Residential rents in Dubai continued their low single-digit declines in the third quarter of the year, according to a new report issued by research agency JLL.
Numerous residential buildings even within the prime areas such as Downtown and Marina are seeing increased vacancies, it stated, citing anecdotal evidence.
Hence tenants have been able to renegotiate their rents downwards by an average of 5 per cent to 7 per cent.
Meanwhile sales prices for both villas and apartments remained largely stable over the quarter, it found.
“Direct sales of UAE properties were allowed at Cityscape for the first time in 10 years and this peaked the interest of potential buyers by allowing them to compare between the various launch offers across a variety of properties,” the report said.
In terms of supply, the majority of completions during the third quarter were apartments with 3,300 units delivered.
Villas and townhouses contributed 660 and 75 units respectively.
The largest completions were Duja Tower in Trade Centre First, adding 679 units and The Polo Residence in Meydan with 598 units.

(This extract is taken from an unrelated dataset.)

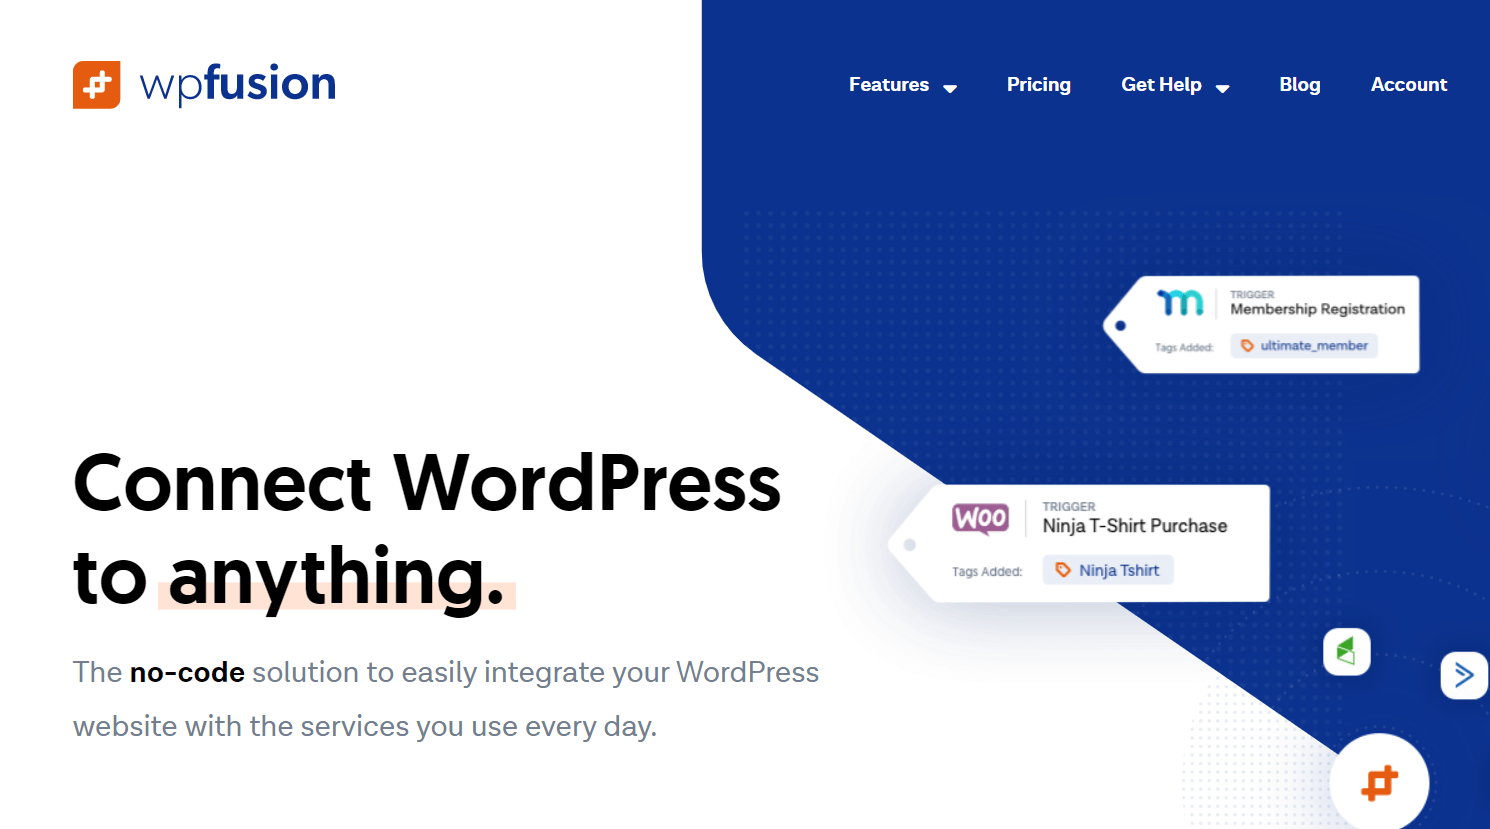 Wpfusion website home page, one of the best CRM plugins for WordPress

District 1 and Lila in Arabian Ranches 2 contributed 267 and 219 units respectively.
Overall, the report also stated that the total value of transactions of existing residential properties (excluding land) has also increased over 2017, with sales in the year to August exceeding Dhs3.7bn, up by 28 per cent compared to Dhs10.7bn during the same period last year.
“This is supported by continued strong investor demand from countries like India and Pakistan,” it said.
Sales worth Dhs2.7bn of existing residential units was recorded in the month of August alone, with 20 per cent of the amount coming from Dubai Marina and 20 per cent from the Business Bay / Burj Khalifa area.
According to reports, construction activity across Dubai is set to increase further over the next two years, with approximately Dhs350bn worth of contracts likely to be awarded prior to Expo 2020.
“Developers in Dubai have been particularly active in the residential sector with JLL data suggesting up to 80,000 units could be delivered before the end of 2019, although actual deliveries are likely to be below this level, the report added.